Exercise data »
________

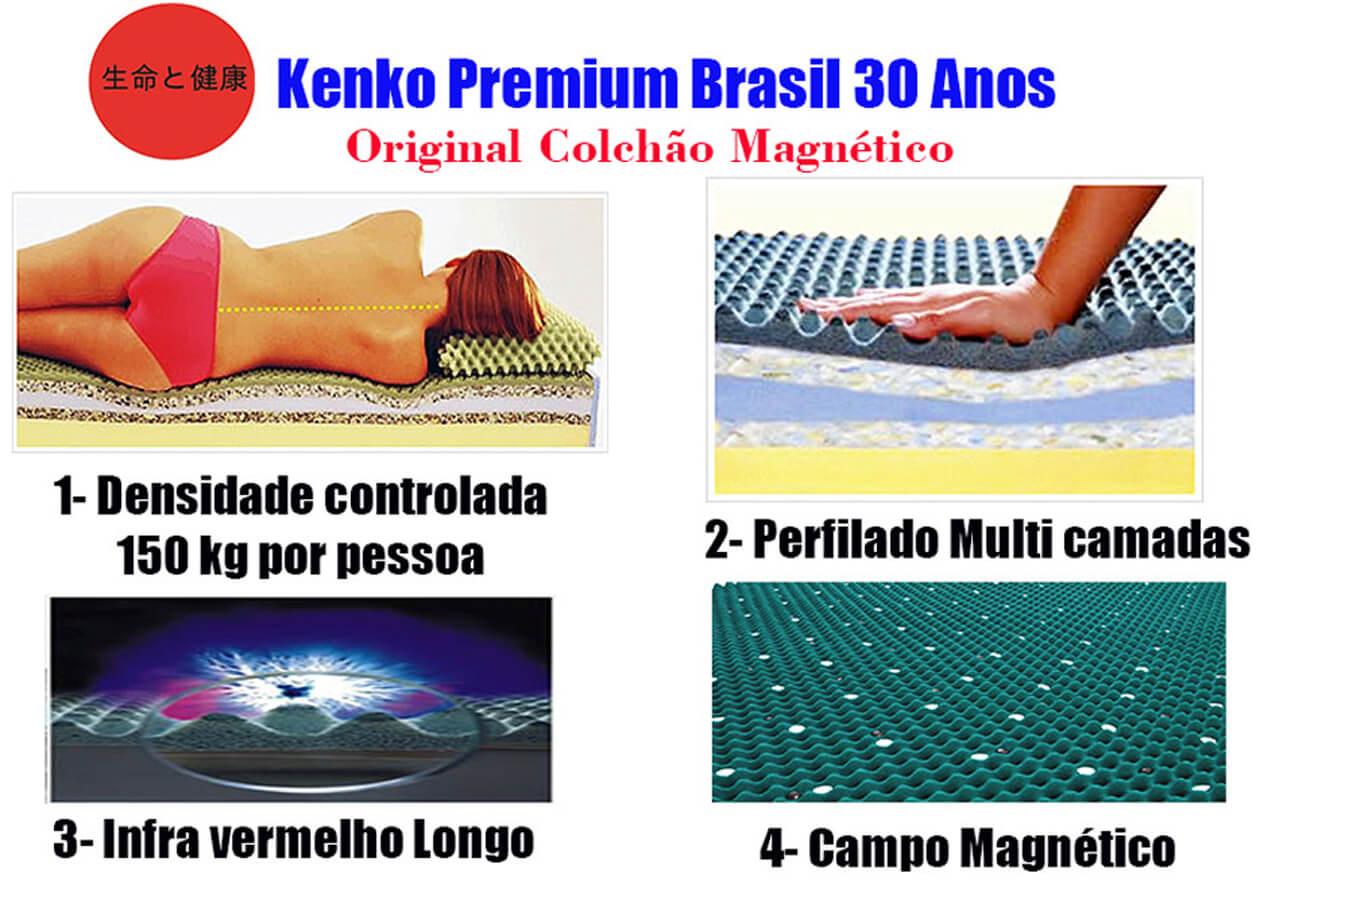 Colchão Magnético Kenko Premium, Modelo HR 29cm Látex  - Kenko Premium Colchões
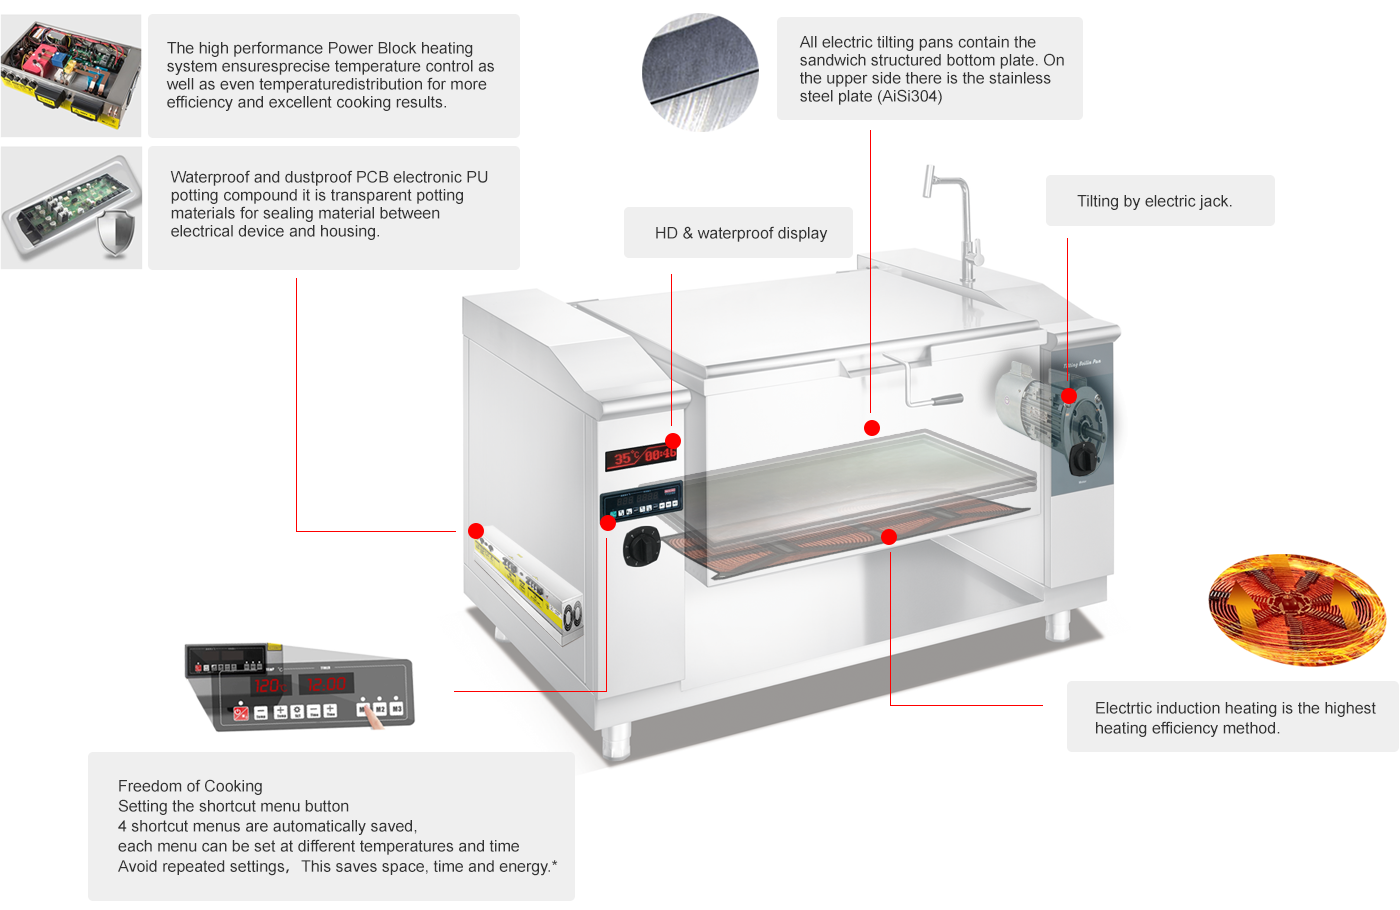 Modular kitchen systems | SHIELD service | Tilting pan
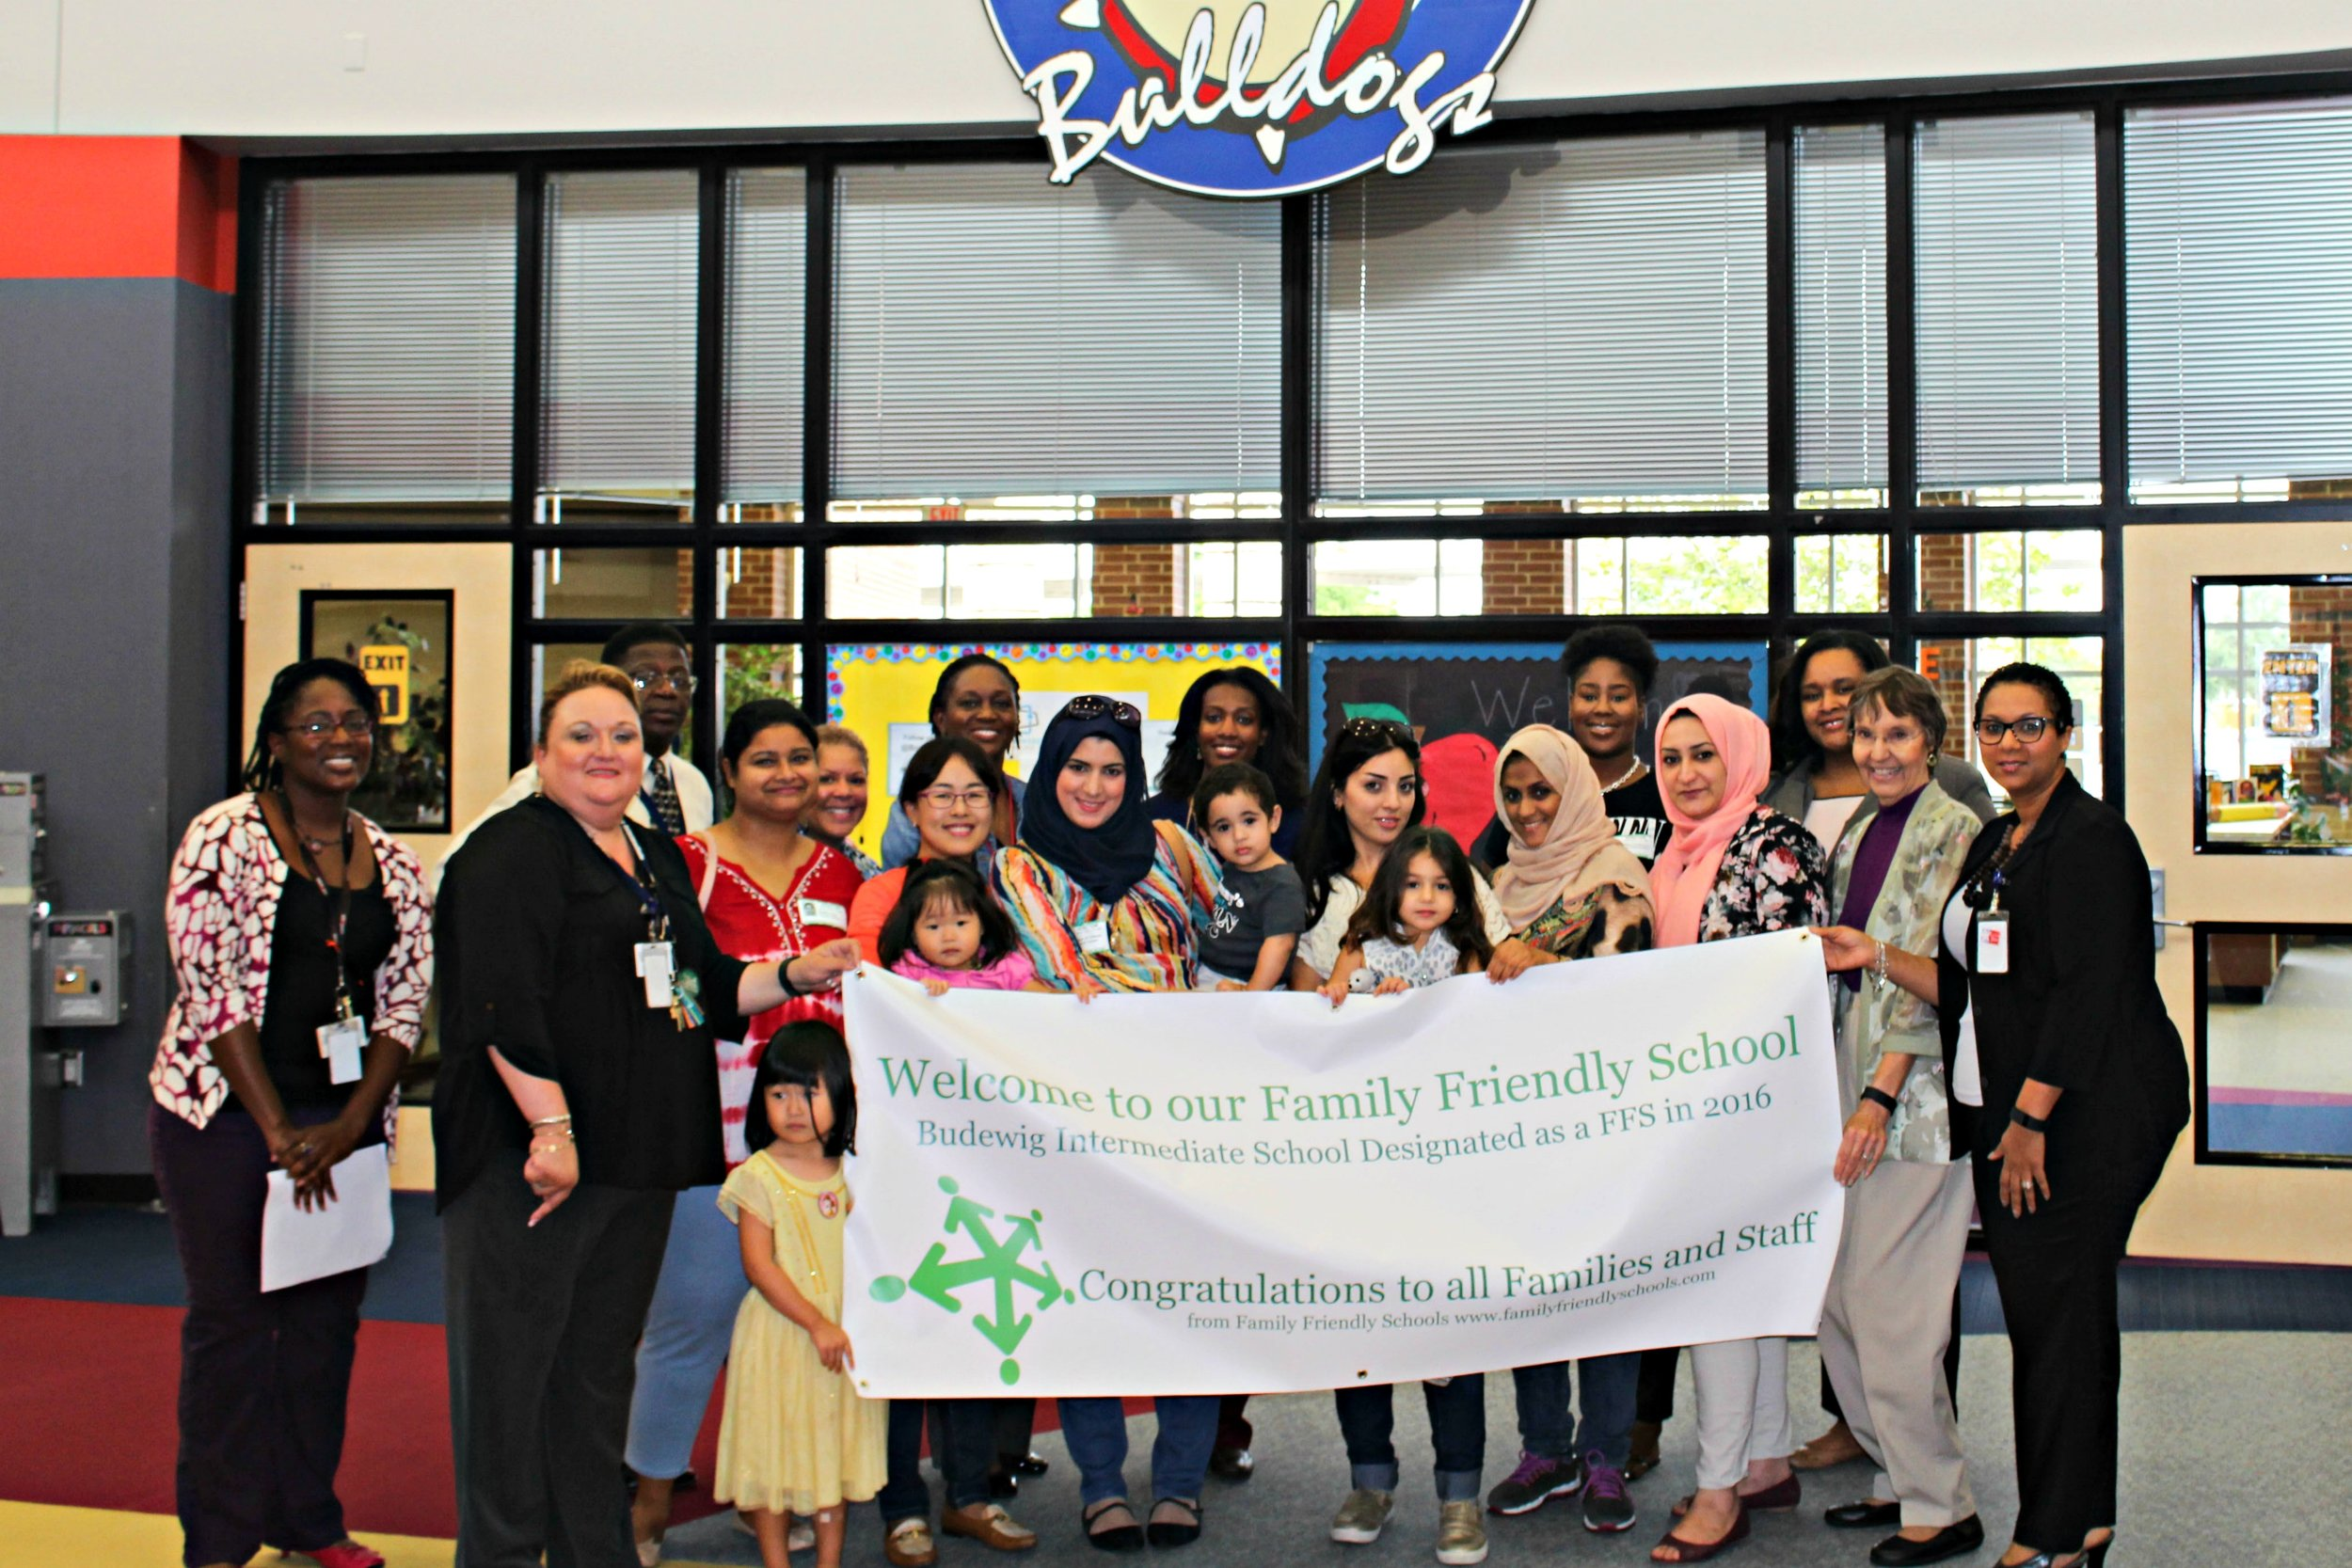 Budewig Intermediate School, Alief ISD, Houston, TX
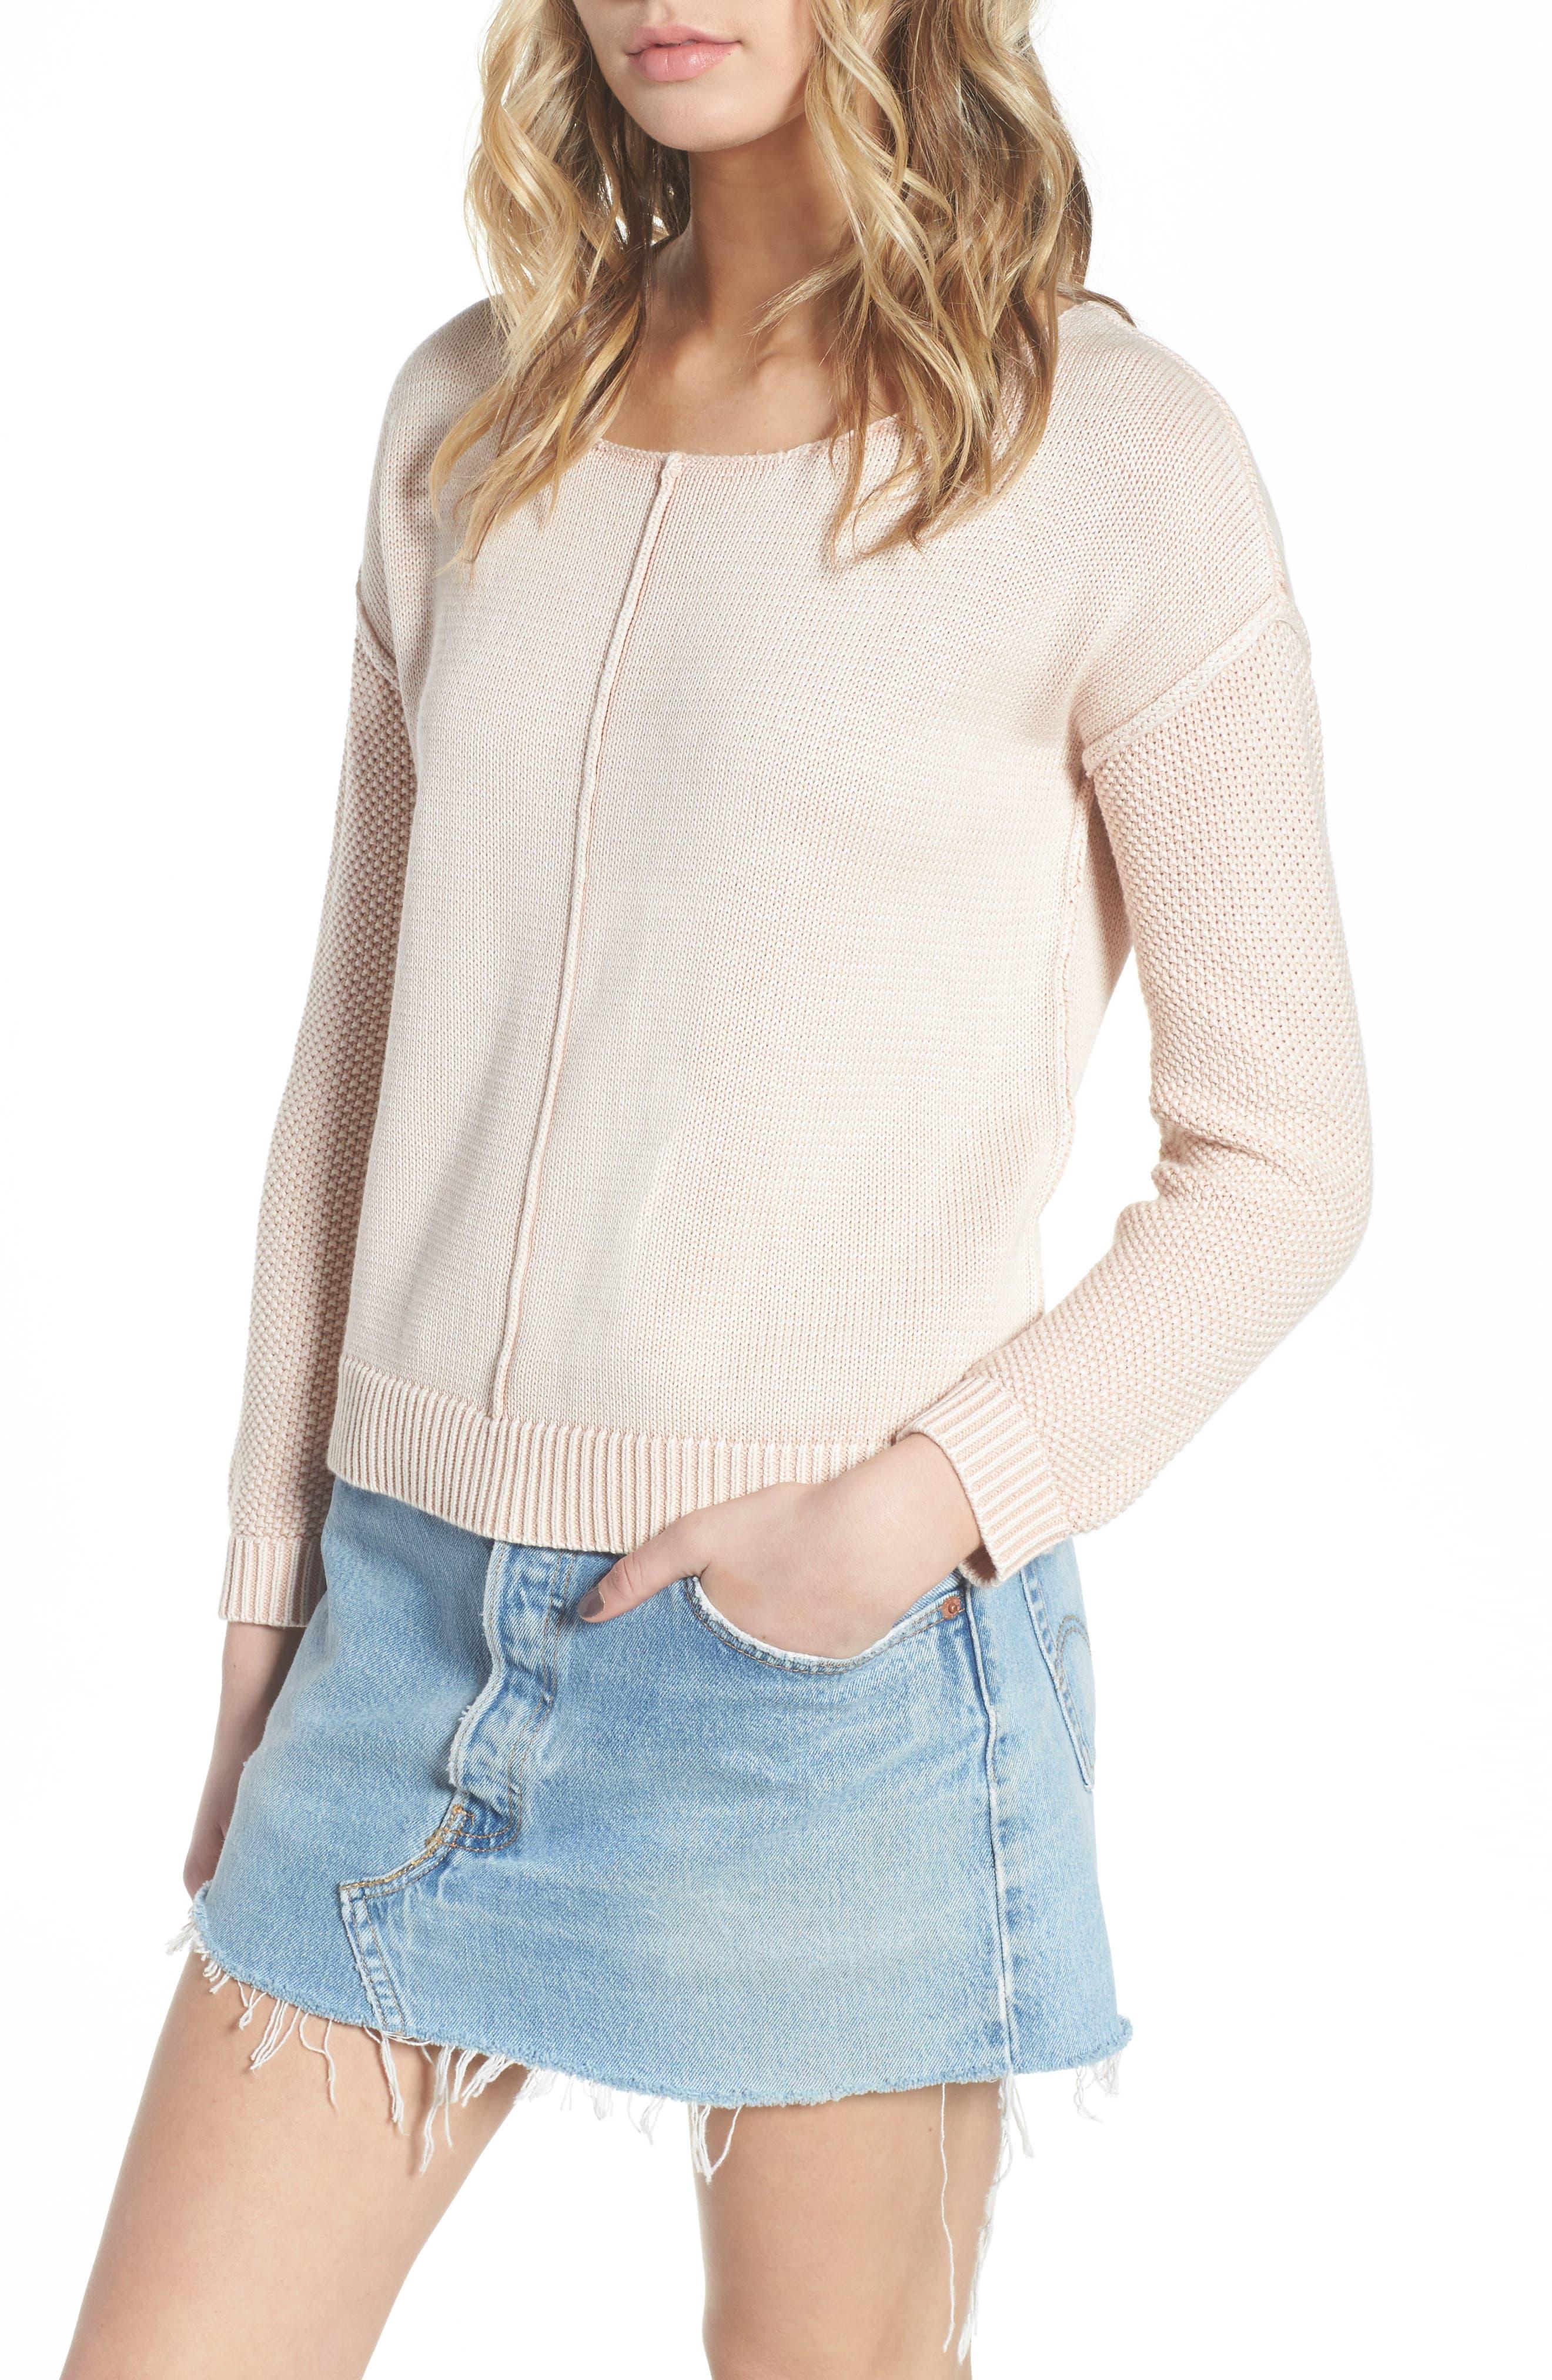 Erin Knit Sweater,                         Main,                         color, Sand Washed Blush

________

Task description »
Output the listing above exactly, excluding all pictures.

Result of this exercise »
 Colchão Magnético Kenko Premium, Modelo HR 29cm Látex  - Kenko Premium Colchões
 Modular kitchen systems | SHIELD service | Tilting pan
 Budewig Intermediate School, Alief ISD, Houston, TX
 Erin Knit Sweater,                         Main,                         color, Sand Washed Blush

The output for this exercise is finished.